Effect of Ranolazine on Infarct Size in a Canine Model of Regional Myocardial Ischemia/Reperfusion

Abstract
We assessed ranolazine's potential to reduce myocardial injury resulting from 90-min occlusion and 18-h reperfusion of left circumflex coronary artery (LCX) in anesthetized dogs. Ranolazine, a putative antianginal agent, has exhibited positive results in a variety of experimental models associated with the ischemic myocardium. Previous studies demonstrated that ranolazine possesses a mechanism of action involving increases in the amount of active pyruvate dehydrogenase during ischemia, suggesting that the compound may act to promote glucose utilization. Ranolazine was administered as a bolus of 3.3 mg/kg, followed by a constant infusion of 7.2 mg/kg/h for 20 h. The loading dose was administered 30 min before LCX occlusion. Control animals received appropriate volumes of vehicles (loading and infusion). Hemodynamics were unchanged between ranolazine and vehicle groups. Three animals in each group were excluded because of ventricular fibrillation (VF).
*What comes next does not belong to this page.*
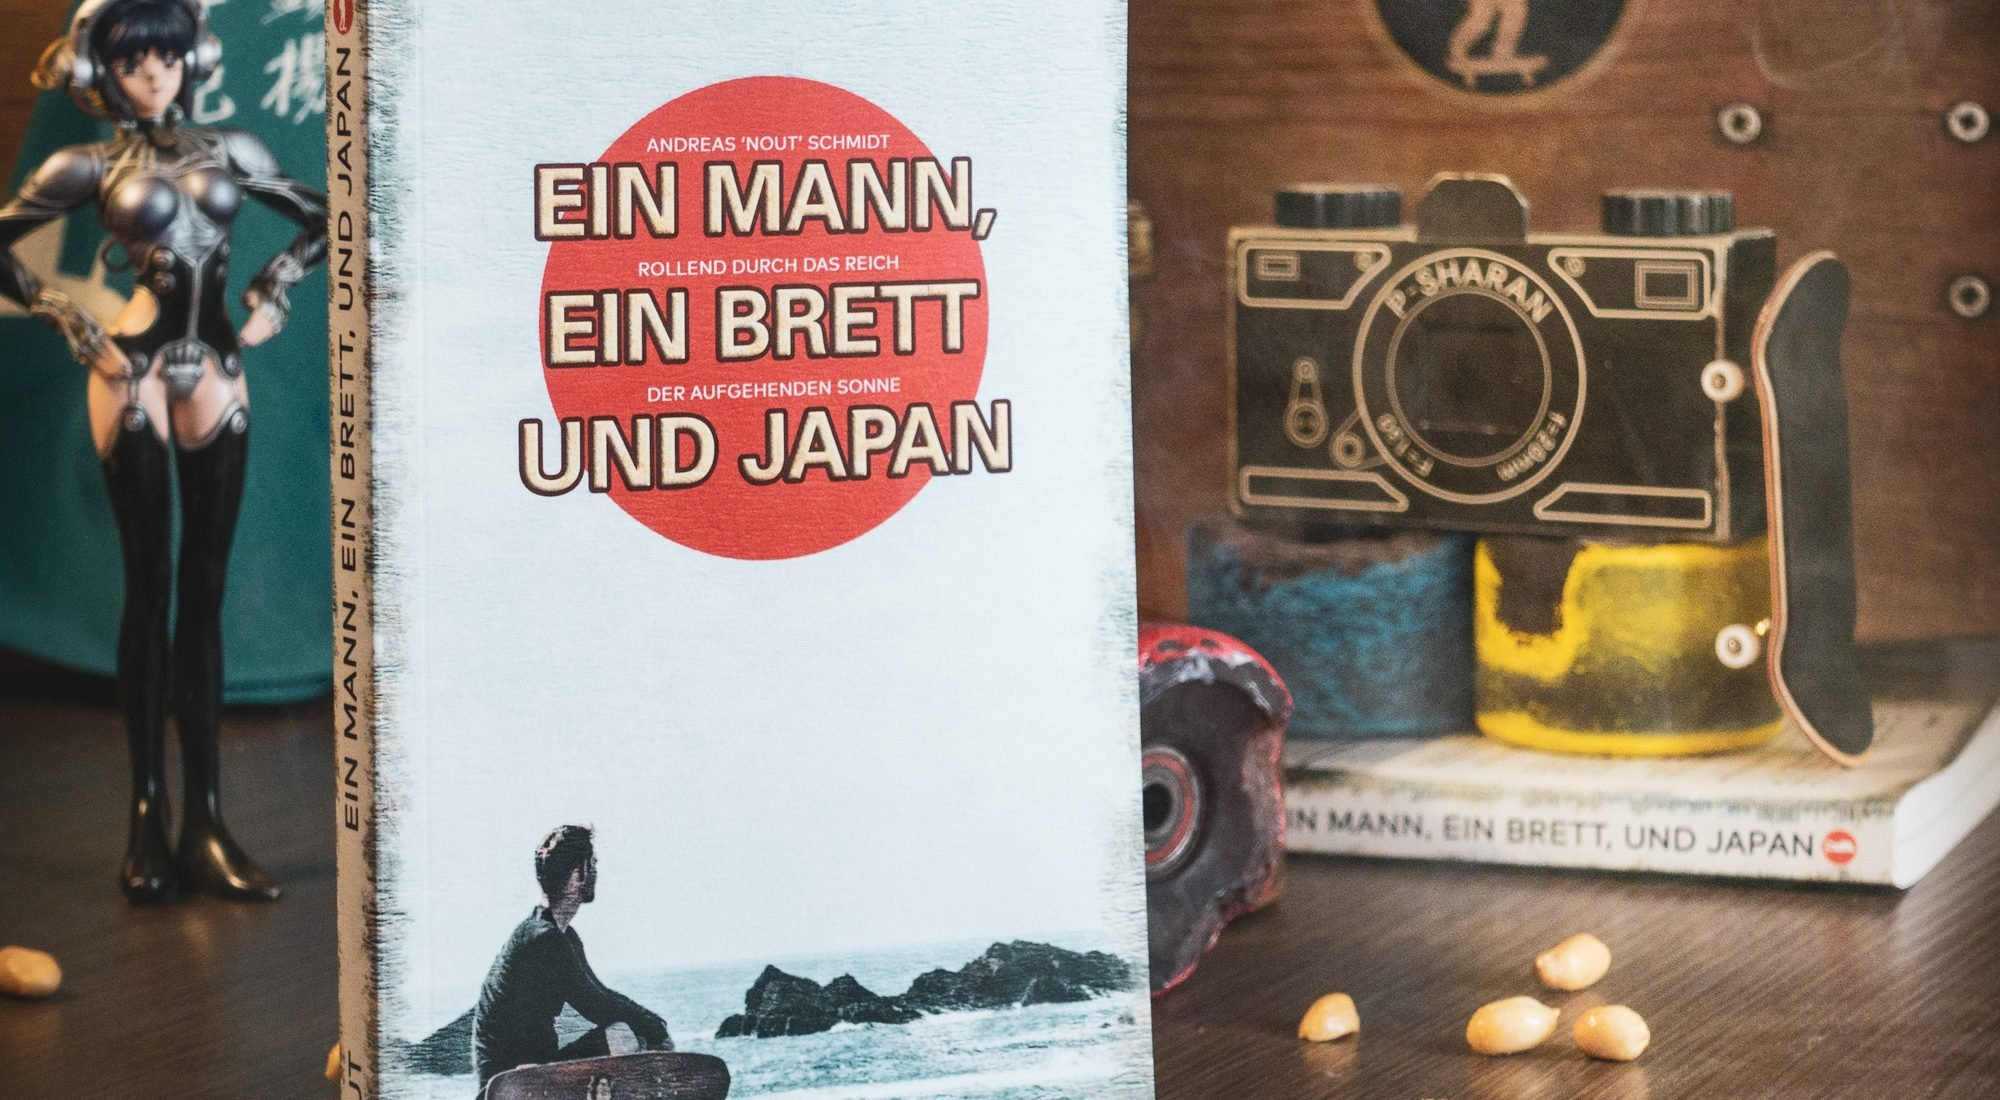 Ein Mann ein Brett und Japan - Taschenbuch Produktfoto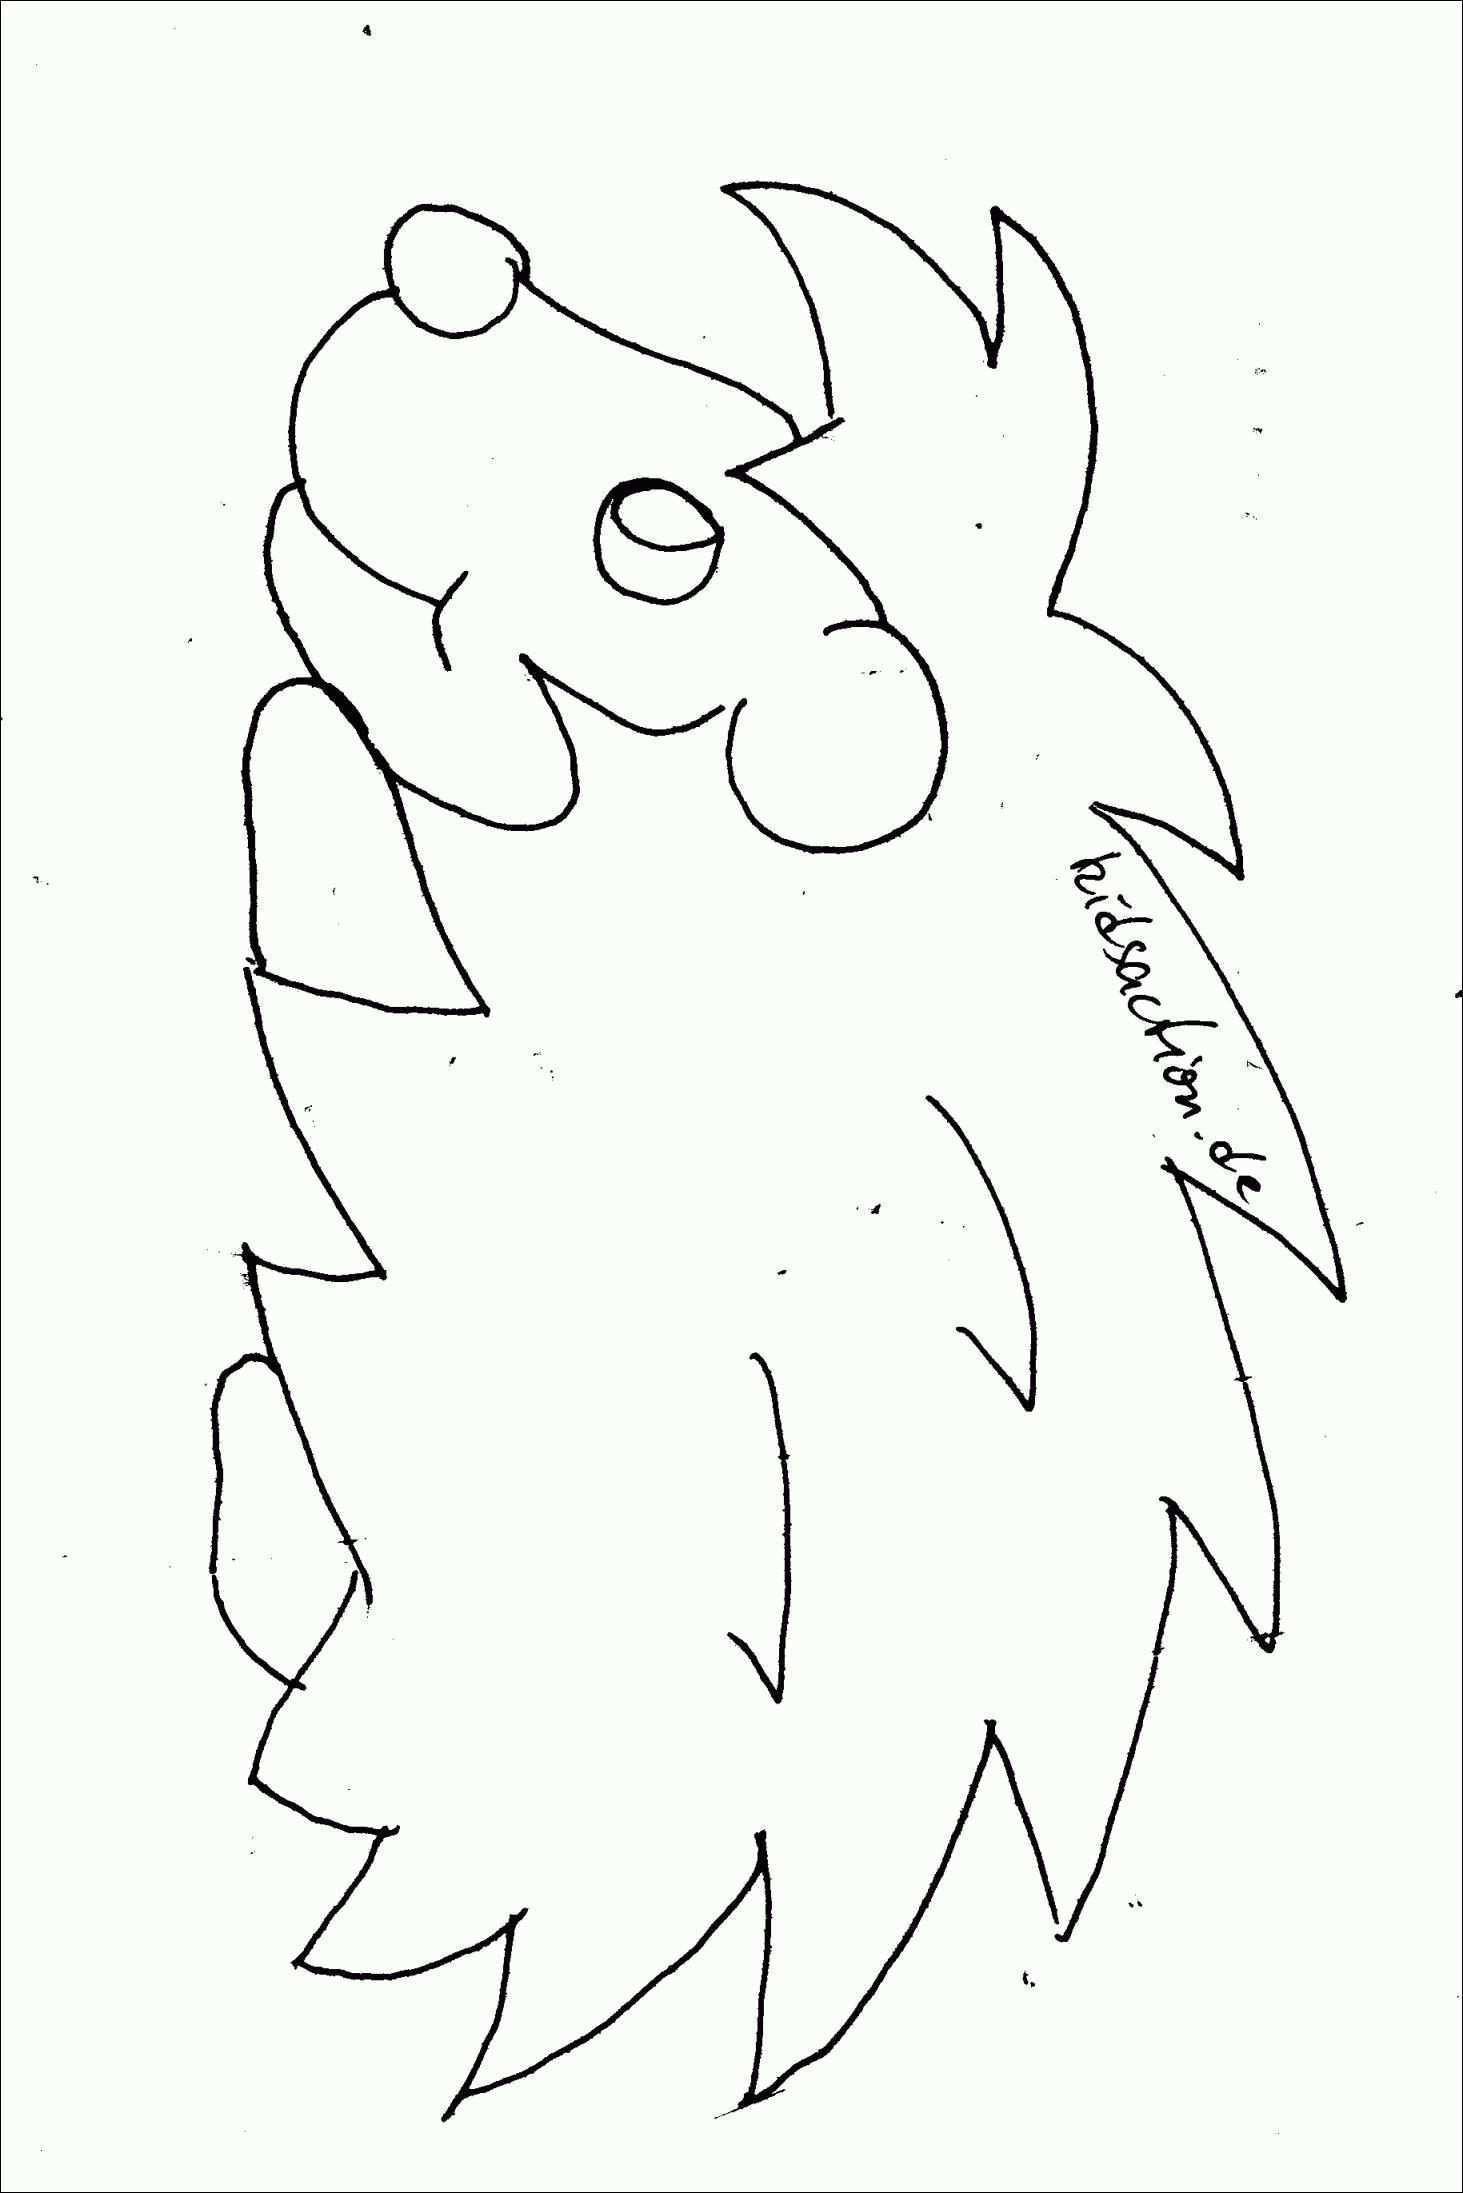 Anspruchsvolle Mandalas Zum Ausdrucken Das Beste Von Einhorn Mandalas Zum Ausdrucken Bild Mandala Nashorn Vorlage Galerie

There was no difference in degree of ST segment change between control and ranolazine-treated groups at any time during LCX occlusion. The area at risk (AAR) of infarct was 40.1 +/- 1.7 and 38.9 +/- 1.3% in control-treated (n = 13) and randolazine-treated (n = 8) animals, respectively (p = 0.631). Myocardial infarct size (IS) was 31.7 +/- 5.2 and 36.6 +/- 8.5% in control and ranolazine-treated animals, respectively (p = 0.603). No significant changes were observed in plasma content of enzymatic markers at 0.5, 2.0, and 18.0 h of reperfusion. The results of this in vivo study indicate that ranolazine did not provide protection from injury to regionally ischemic and reperfused myocardium despite its reported antiischemic activity.